Avec M. Mulroney, à l'époque, nous avons repris le dialogue avec honneur et enthousiasme. Nous avons fait tous les efforts possibles, malgré les pressions extrêmes exercées un peu partout par M. Trudeau, le père. Nous avons conclu les accords de Charlottetown et du lac Meech; nous avons tout tenté pour intégrer le Québec. Ensuite, M. Harper a conclu des ententes administratives, parce que le fruit n'était pas mûr. Les gens ne voulaient pas de débats constitutionnels. Comme notre de chef le député de Regina—Qu'Appelle veut le faire, M. Harper a conclu des ententes administratives qui vont aider les Québécois dans leur vie de tous les jours, en attendant le jour où nous verrons peut-être un débat constitutionnel. Ensuite, il a donné un siège au Québec à l'UNESCO, la dernière chose que les libéraux auraient faite et ce que le Bloc québécois n'aura jamais le pouvoir de faire, puisqu'il ne prendra jamais le pouvoir.
Non seulement nous avons donné un siège au Québec à l'UNESCO, mais nous avons également reconnu la nation québécoise en cette assemblée, dans ce Parlement westminstérien, sur les terres de l'Amérique du Nord. Nous avons reconnu que le peuple québécois formait une nation au sein d'un Canada uni.
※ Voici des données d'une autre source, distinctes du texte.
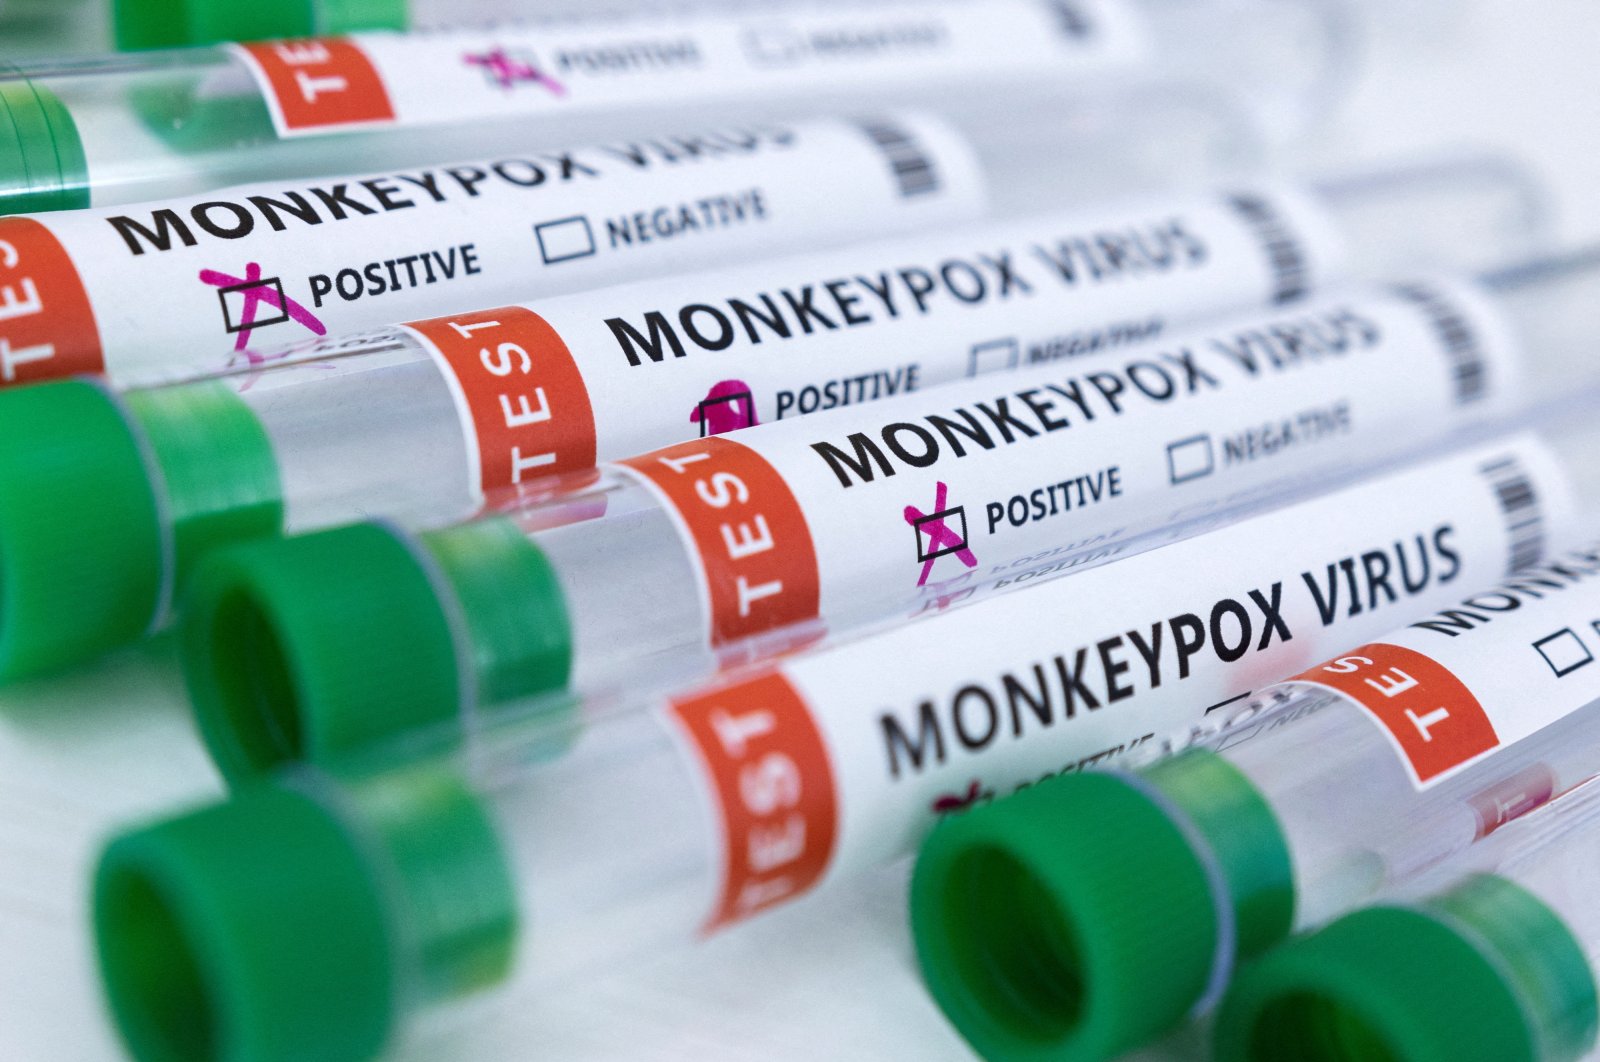 Test tubes labeled &quot;monkeypox virus positive and negative&quot; are seen in this illustration taken May 23, 2022. (Reuters Photo)

C'est M. Harper qui l'a fait. Ce n'étaient pas les libéraux ni le Bloc québécois, qui ne pourraient jamais le faire, puisqu'ils n'auront jamais le pouvoir.
Quel parti a augmenté son nombre de sièges au Québec lors des dernières élections? Ce n'est pas le Bloc québécois, c'est le Parti conservateur, qui a gagné 12 sièges. Les libéraux, malheureusement, en raison de leurs nombreuses promesses, ont réussi à gagner plusieurs sièges. Toutefois, cela va changer, puisqu'ils seront incapables de remplir leurs promesses. Comme le déficit ne sera pas épongé cette année, ils vont augmenter les impôts et les taxes au cours des jours, des mois et des années à venir s'ils sont reportés au pouvoir.
Comme on peut le constater, c'est le même parti qu'à l'époque. Le Parti libéral du Canada, dans son identité propre, n'a aucun respect pour les Québécois ou les champs de compétence.
Le premier ministre et député de Papineau, quelques jours après avoir été élu, est allé à New York et a dit à unjournal qu’il n’y avait pas d’identité nationale au Canada. Vraiment? Il n’y a pas d’identité nationale au Canada? Ce n’est pas ce que pensent les Québécois. Les Québécois ne seront jamais bien servis par le Parti libéral du Canada. Nous, avec notre chef de Regina—Qu’Appelle, nous allons leur donner plus d’autonomie dans leurs champs de compétence lorsqu’ils le demanderont.